7. 2020 has been such a crazy, historical year. In the thick of it all, you’ve had a really busy year both as a director and an actor. How have your ways of working changed during the pandemic? What changes have you made for yourself and your life? What has changed and what has stayed the same?
I feel lucky because I managed to get AWAY and BOILING POINT in the can just before CoVid hit. I feel unlucky because, against all the odds, AWAY didn’t get picked up for season 2 despite it being such a success. Obviously CoVid’s played a big part in that. During the first lockdown I kept myself sane by using the time to finish writing projects that had been hanging over me for a while. Right now, we’re in the midst of a second lockdown here in London, my writing assignments are over, and there are other ideas I could start, but I’m bored and need change again, so I’m starting to go out of my mind a bit. What I would say though, is that there’s two particular scripts that I’ve completed during this time that I’m so proud of and have purged so much of myself into. They’re honest and personal in so many ways, and that wouldn’t have come if not for the vulnerability of what we’re going through.
8. You are also an activist for racial equity in casting and production. How does this activism inform your acting and directorial work? Was there an event in your career that pushed you towards activism?
I don’t know if I fit into the category of an activist because there are people actually dedicating their lives to it and they deserve that title more, but you know, I learned early on that my best personal currency to the diversity cause was not to scream and shout about it, but to do something about it.

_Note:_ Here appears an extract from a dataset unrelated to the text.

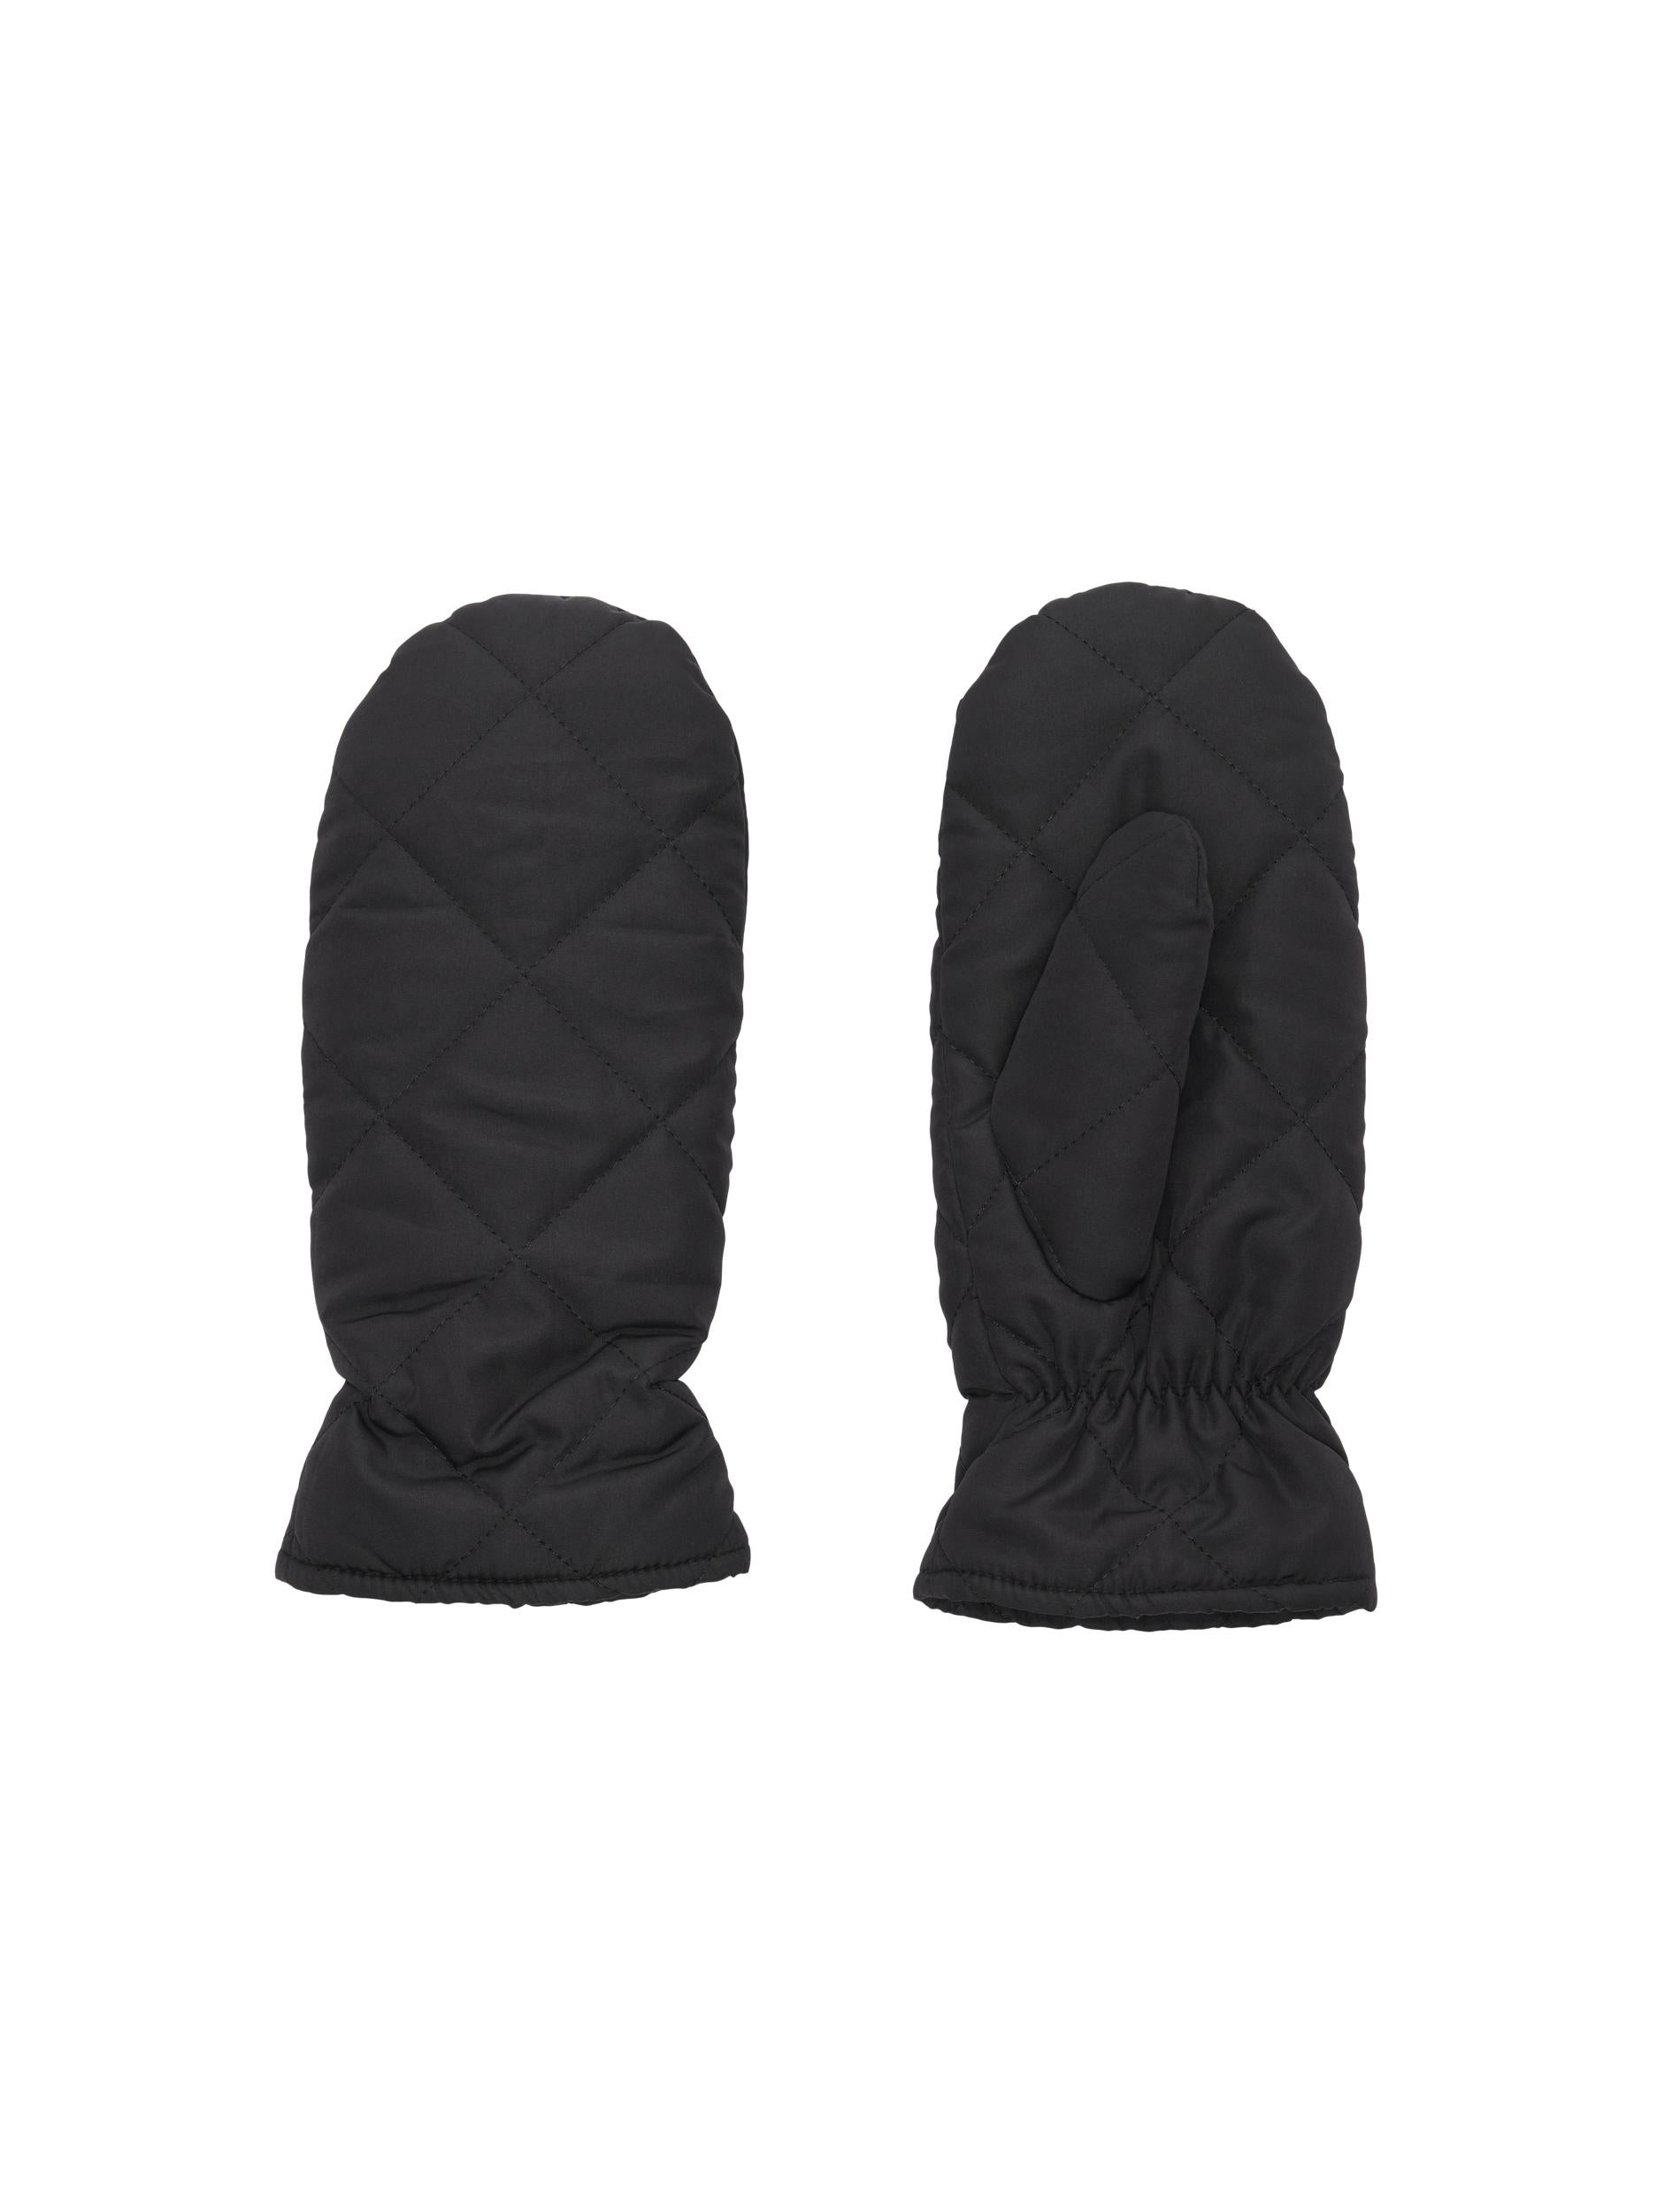 Selected Femme "Magna" Padded Mittens

I’ve been blessed with the gift of storytelling and the gift of being able to conceive an idea, make others believe in it, and then see it through to completion. I’ve always felt that my energy is best served by actually creating the roles that are needed, and I guess in a sense that’s my activism. For me, artists should be seen as artists, and I’ll always look to cast the best actor regardless of race, age, or gender, and from there work the script around that choice. Ok, you can’t do it with everything but you’ll be surprised that with a bit of creative thinking how much can be adapted to accommodate. Even as I say this, I’m realizing my ideas mostly come to me because I have an actor I like or want to work with, and then I fit a project around that person. For example, ‘Convenience,’ a film I curated, produced, and starred in, had two Indian actors in lead roles not defined by their race. They were simply the best actors for those roles because the film was written for us. It released in 2015 and, in a sense, it was too forward thinking for its time. Had it come out a few years later when the diversity movement really took off, I think it would’ve found a much bigger distributor and been a much bigger hit than it was. We made the film for 80k, all the major studios called me into meetings to find out how I was able to make something so cinematic for so little money, but no one would take it on because they didn’t know how to market it. To them it wasn’t Bend It Like Beckham or East Is East, so they didn’t know where to place it. I was like ‘put race aside and market it like you would Kevin Smith’s Clerks’, but alas, that kind of thinking was unchartered territory, even in 2015.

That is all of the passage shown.